The Combination of Decellularized Cartilage and Amniotic Membrane Matrix Enhances the Production of Extracellular Matrix Elements in Human Chondrocytes

Abstract

Articular cartilage lesions are challenging to regenerate, prompting the investigation of novel biomaterial-based therapeutic approaches. Extracellular matrix (ECM)-derived biomaterials are a promising option for this purpose; however, to date, the combination of amniotic membrane (AMM) and articular cartilage (ACM) has not been tested. This study evaluated different concentrations of soluble extracts from the decellularized ECM of amniotic membrane (dAMM) and articular cartilage (dACM), both individually and in combination, to determine their ability to maintain the chondrogenic phenotype in human chondrocytes. After the decellularization process 90–99% of the cellular components were removed, it retains nearly 100% of type 2 collagen and 70% of aggrecan (ACAN) for dACM, and approximately 90% of type IV collagen and 75% of ACAN for dAMM. The biological activity of soluble extracts from dACM and dAMM were evaluated on human chondrocytes.
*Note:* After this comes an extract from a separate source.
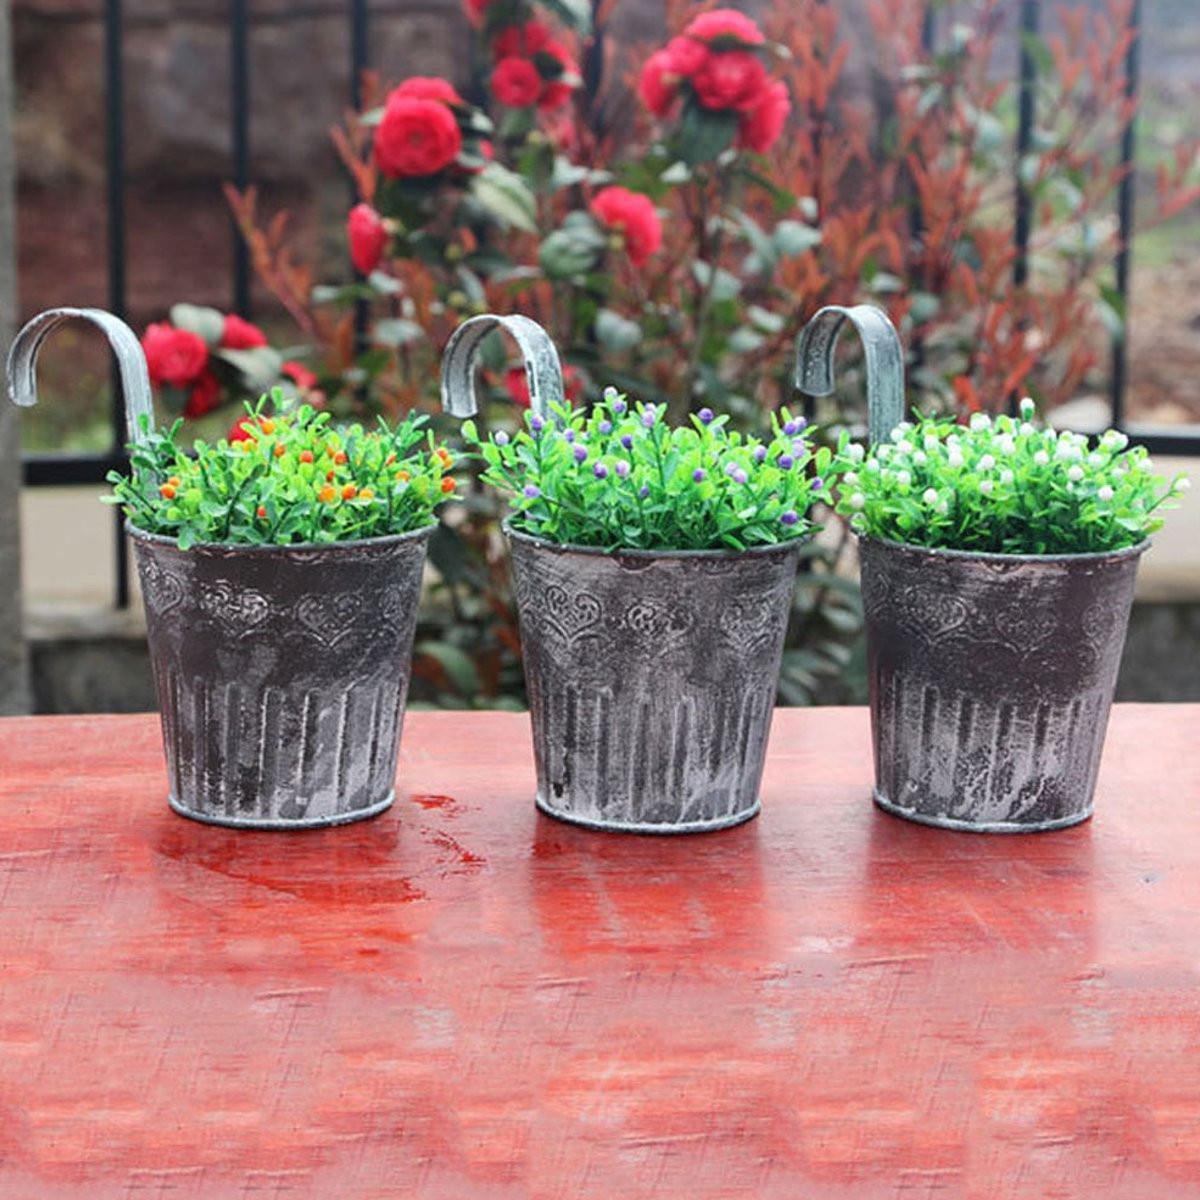 Small Crop Of Balcony Garden Planters

After 72 h, 1.5 mg/mL of dACM and 6 mg/mL of dAMM significantly increased (p < 0.05) the proliferation and expression of SOX9 and ACAN. Also, the combination of both (1.5 mg/mL dACM and 6 mg/mL dAMM) showed synergistic effects, enhancing chondrocyte proliferation, maintaining chondrogenic lineage, and increasing the production of cartilage ECM components, such as COLII (1.5-fold), SOX9 (2-fold), and ACAN (2-fold). These results suggest that the combined use of dACM and dAMM has potential for cartilage regeneration.